In a revealing interview with Esquire, the creator and executive producer of the Emmy-winning AMC series admits he's already steeling himself for unhappy feedback when the show finally wraps next spring.

"The road has been paved for a mixed review, no matter what," said Weiner. "I do what I've always done on the show and rely on the people around me. The actors, the writers and my wife all liked it, so that's all I can go on at this point."

But by this stage of the game, Weiner is accustomed to public critique of his time-warp series set in the sixties New York advertising industry.

"I hate to say this – obviously ending the entire series is significantly more pressure – but it's been that way every year," said Weiner. "I never knew if the show was coming back for most of the series, so we treated every episode 13 like it was the end. It's very bittersweet and high pressure."

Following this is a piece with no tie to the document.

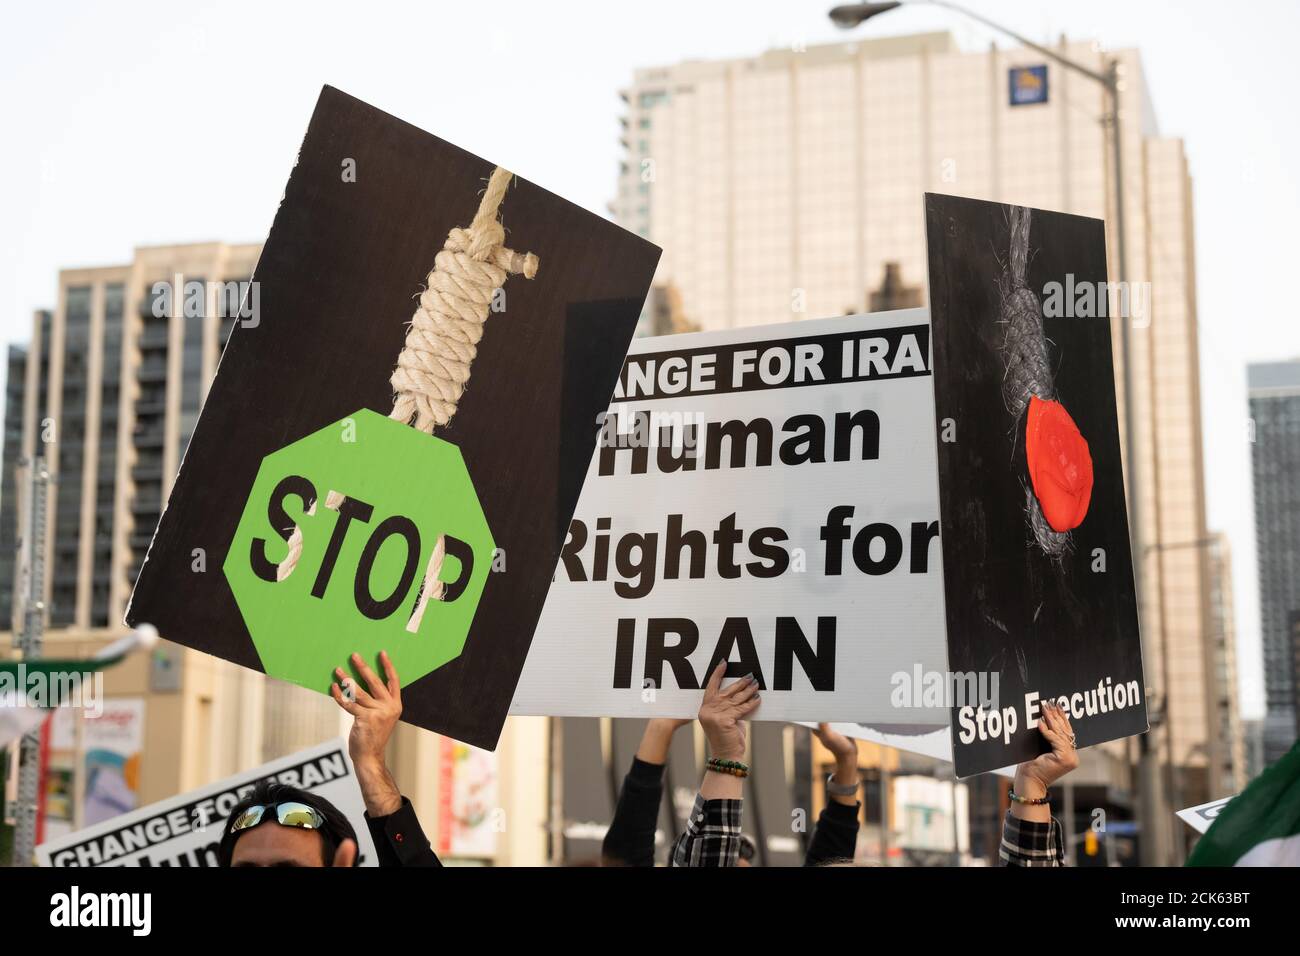 Protesters condemn the Islamic Republic of Iran for executing Navid Afkari and call for human rights at a protest in Toronto, Ontario. Stock Photo

Launched by AMC in 2007, Mad Men is the first basic cable program to win the Emmy for outstanding drama series, which it accomplished in its first four seasons.

The Mad Men timeline documenting the fictional lives of ad man Don Draper (Jon Hamm) and other characters began in 1960 and left off in 1969 when the show finished the first half of its seventh and final campaign last May.

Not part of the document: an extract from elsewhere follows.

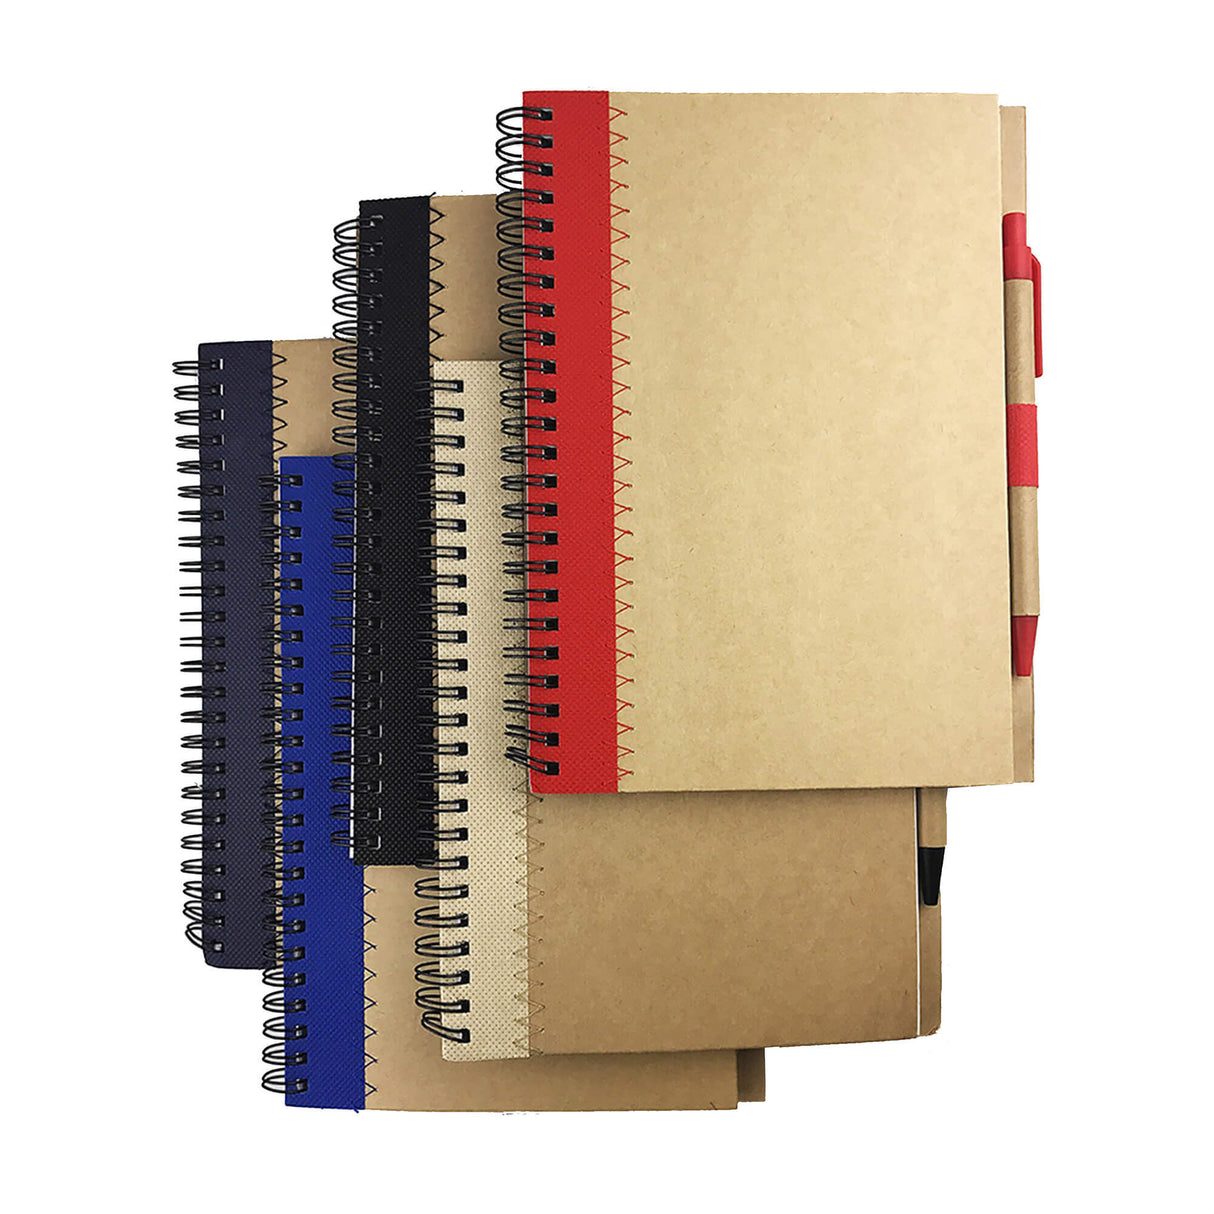 A5 Recycled Paper Notebook - Printed

In the same interview, Weiner admits that before filming the very last Mad Men episode, he consulted with fellow producers who were also forced to find satisfying endings to their popular TV shows.

"Despite all that emotion, there has been this little safety net," said Weiner. "The people at Breaking Bad, Lost, everybody told us this, too, what a safety net it is to not be off the air yet. We all know that, whatever splitting the season meant, the true ending of the show hasn't happened yet."

And naturally, pulling the curtain down on an hour-long drama with a large ensemble cast has Weiner feeling sentimental about the relationships with his actors.

"Certain things, like Kiernan [Shipka, who plays Sally Draper], I've known this girl since she was six and seeing her there and her parents on her last day…I'm getting emotional just thinking about it," said Weiner.

But Weiner, who also worked as a producer and writer on the final two seasons of The Sopranos (including the cut-to-black finale episode that still has fans speculating), was composed enough to take home one souvenir from the Mad Men set: The bar in the office of tippling ad man Roger Sterling (John Slattery).

"Roger's bar is the happiest bar on the show," said Weiner. "So I always thought that would be nice."